The lane gets bigger. The Dee no longer sticks rigidly to its side but moves away to become a more ordinary river. The road starts to rise as well as fall and for the first time since the Dale’s head I get out of the saddle and feel the miles accumulating in my legs.
Just before the Dale’s end I drop to the Dee a final time, to cross to its south side via the slender bridge at Catholes. After twelve incredible miles I’m leaving Dentdale behind. I climb round Holme Fell and drop into the Lune Valley. From here it’s twenty-five fairly flat miles along the Lune back home to Lancaster.
Tags: cycling, Dentdale, Yorkshire Dales
May 1, 2013 at 3:02 pm |
I confess that the bit from to top through Dentdale is actually, and will always actually be one of my favourite rides on earth. there is nothing that could possibly be improved about it. World class.
And then you still get the Lune Valley to go home.
Nice writing.
May 15, 2013 at 3:35 pm |
Thanks Tom – I love the ride back home, down the Lune Valley, after venturing further afield, though I’m often too tired to really indulge myself in it (I tend to find the last miles of any longer ride tend to see me switch almost into automatic pilot – which isn’t actually unpleasant, but is certainly different, and more internally than externally focussed; I guess I just need to get stronger!).
There’s so much that’s special about Dentdale though, eh? I’m not sure if it’s because it’s one of the quieter dales, or because it’s so close to Lancaster, or it’s close also to the Lakes, or it’s just got the right mixture of …. what, I don’t know. But yes, that first six miles down the dale – I reckon you could probably ride half of them without pedalling, if you had a tail wind and were so inclined.
See you soon?
Dave
May 1, 2013 at 7:28 pm |
Beautiful photos.
May 2, 2013 at 6:44 pm |
Lovely photos. One of these days I have to digitize and post some of the pictures I took while on a bike adventure starting in Amsterdam and ending at Cambridge University. This was via the Hook of Holland to Harwich ferry. Once in Harwich, I rode through some splendid little places including Bury St. Edmunds.

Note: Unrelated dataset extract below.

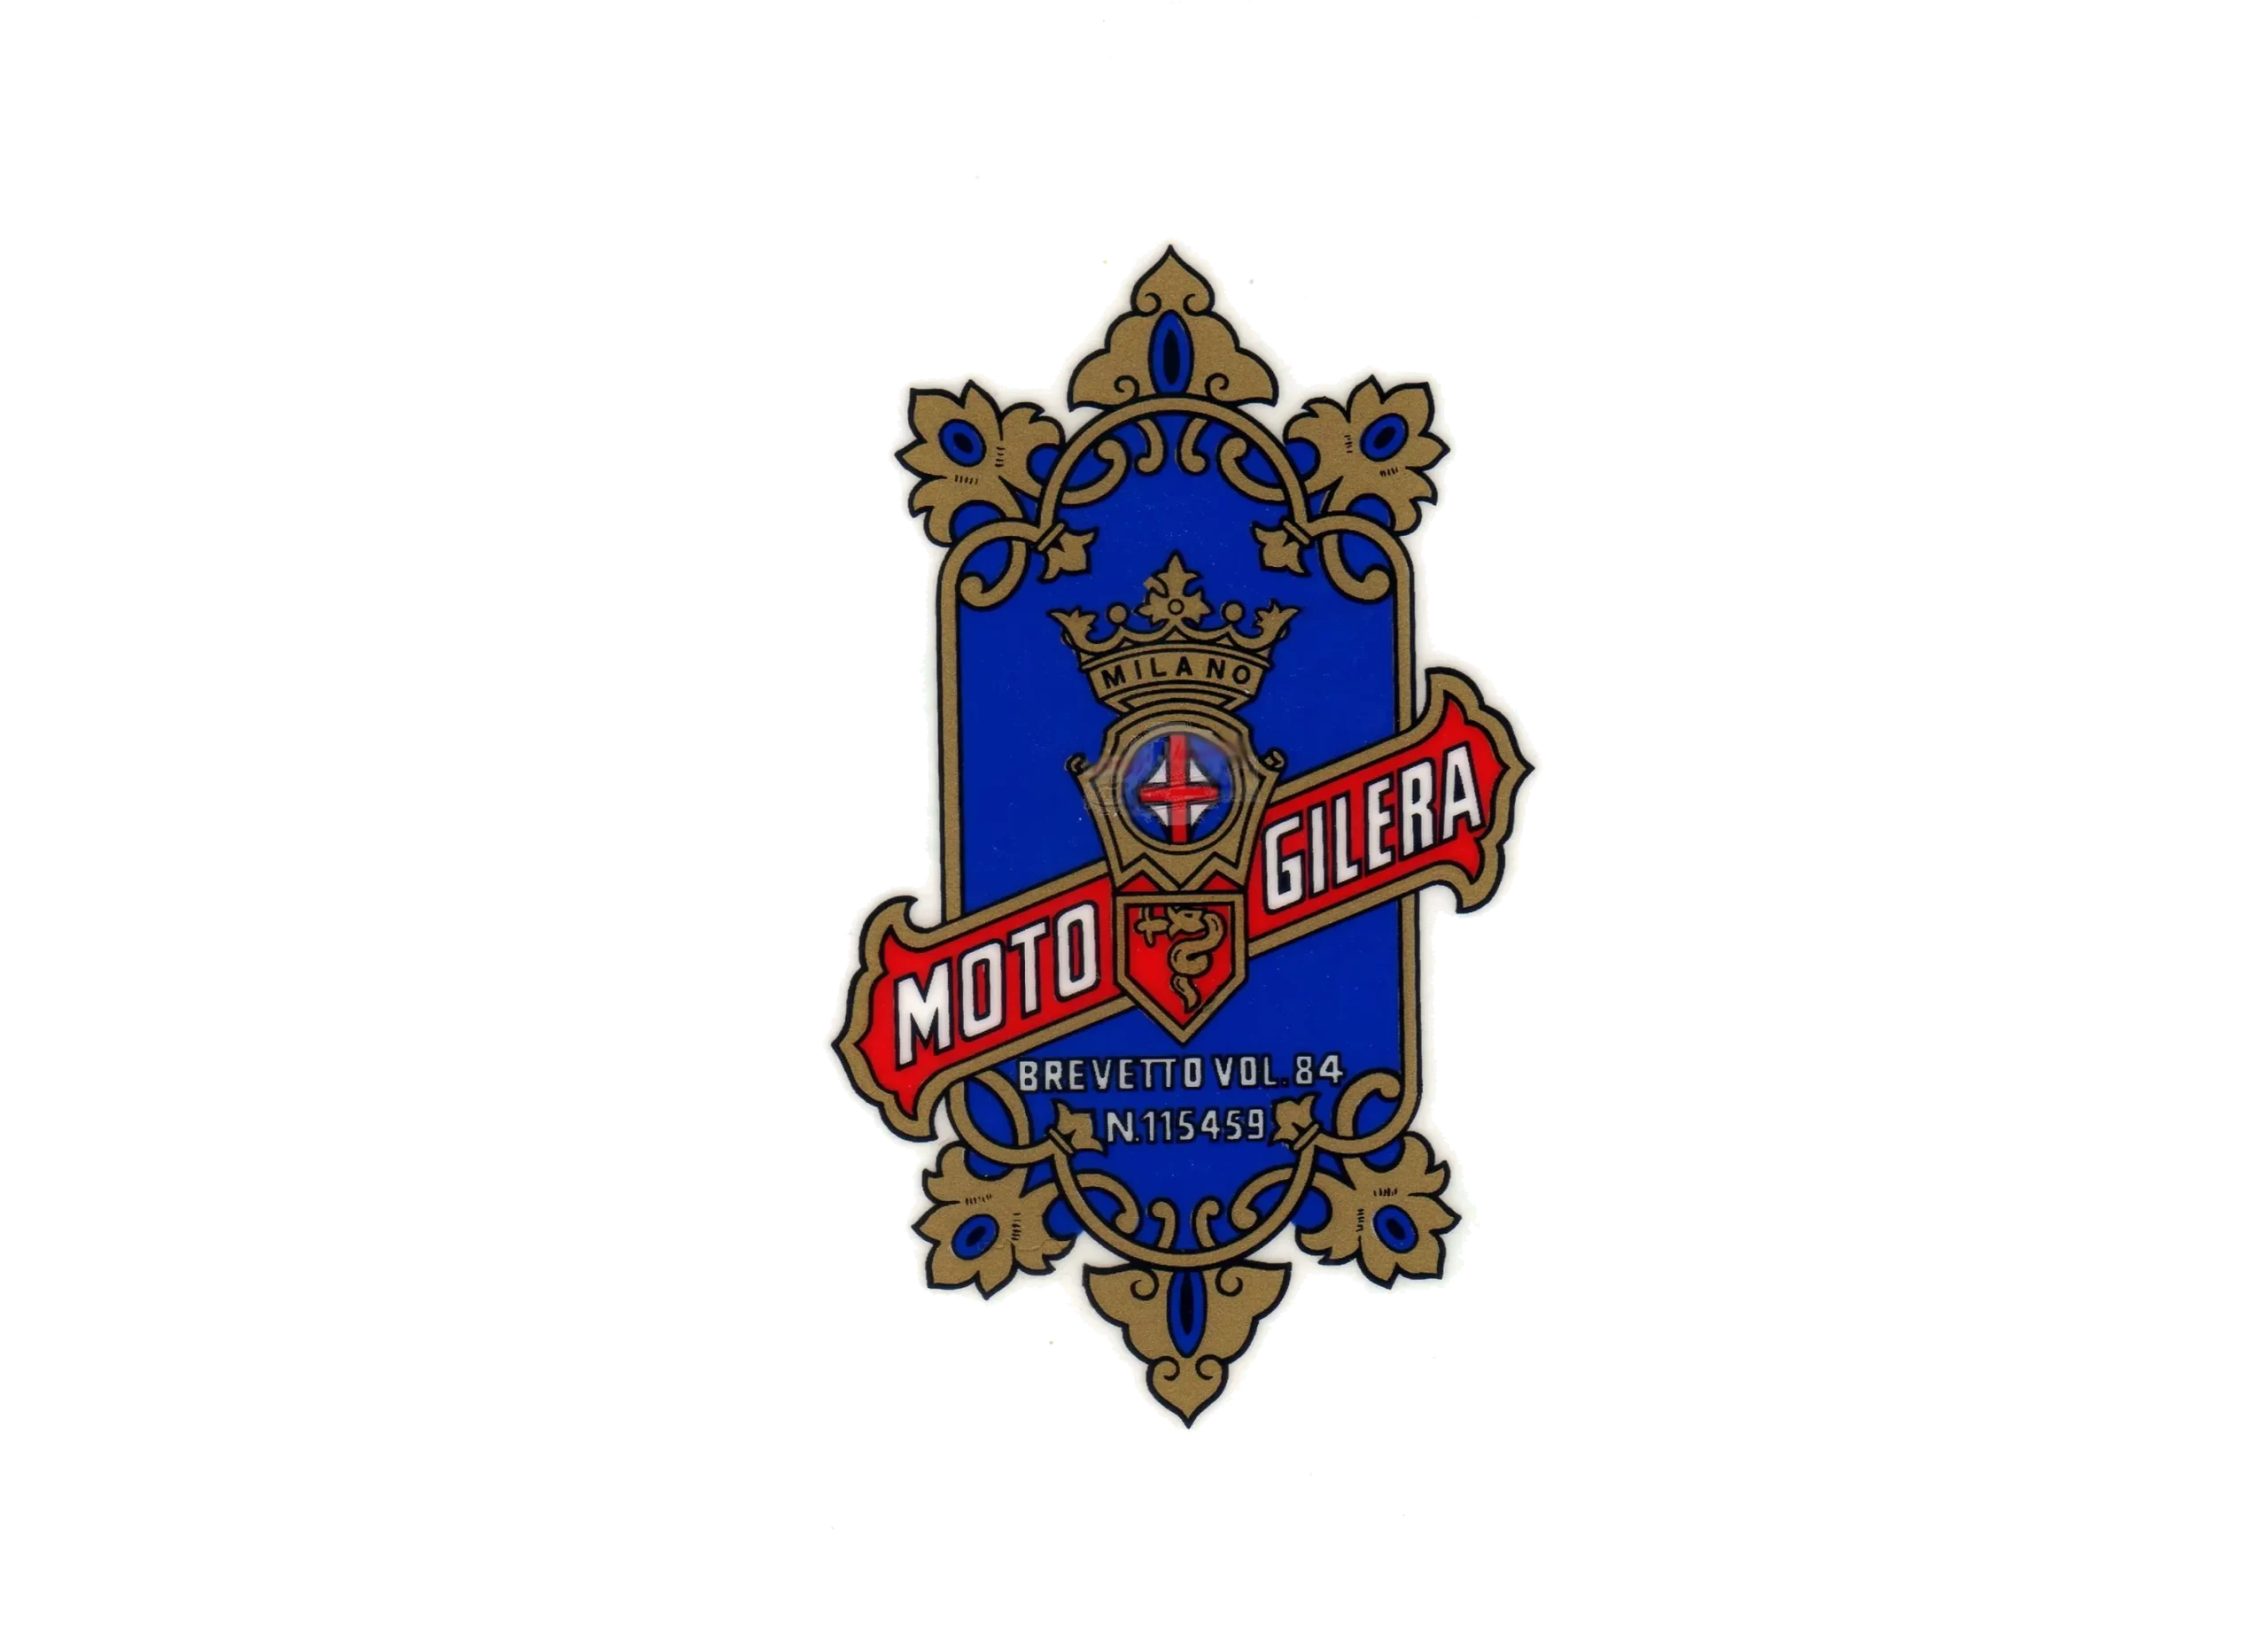 Gilera logo 1926-1934

That was one of the most enchanted weeks of my life. Even after an unsettling interlude with your customs folks, who apparently didn’t like the idea of a single Yank with a funny name arriving on your shores having spent the entire ferry ride drinking beer with one of your countrymen!
May 2, 2013 at 6:46 pm |
Well, not quite the entire ferry ride was spent drinking beer. I think I slept for a while.
May 15, 2013 at 3:37 pm
Cheers Khal! You’ll have to come back some time, and drink more beer – we’re quite good at brewing it over here! Thanks for continuing to read and comment.
All the best, Dave
May 5, 2013 at 12:51 pm |
That second pic looks like cycling nirvana! Absolute bliss, with a tarmac as smooth as glass, rolling endlessly. I sometimes have dreams about riding roads like that.
May 15, 2013 at 3:42 pm |
You’re right Christopher, that stretch of road is particularly fine, and smooth. But seriously, it’s not always like that, and some stretches of rural road around here (including that one, as it drops into and along the valley) are in pretty dreadful condition, all the more so after a long, harsh winter combined with I assume many highways authorities struggling to finance road maintenance. But we’re very lucky to have such magnificent roads on which to ride around here.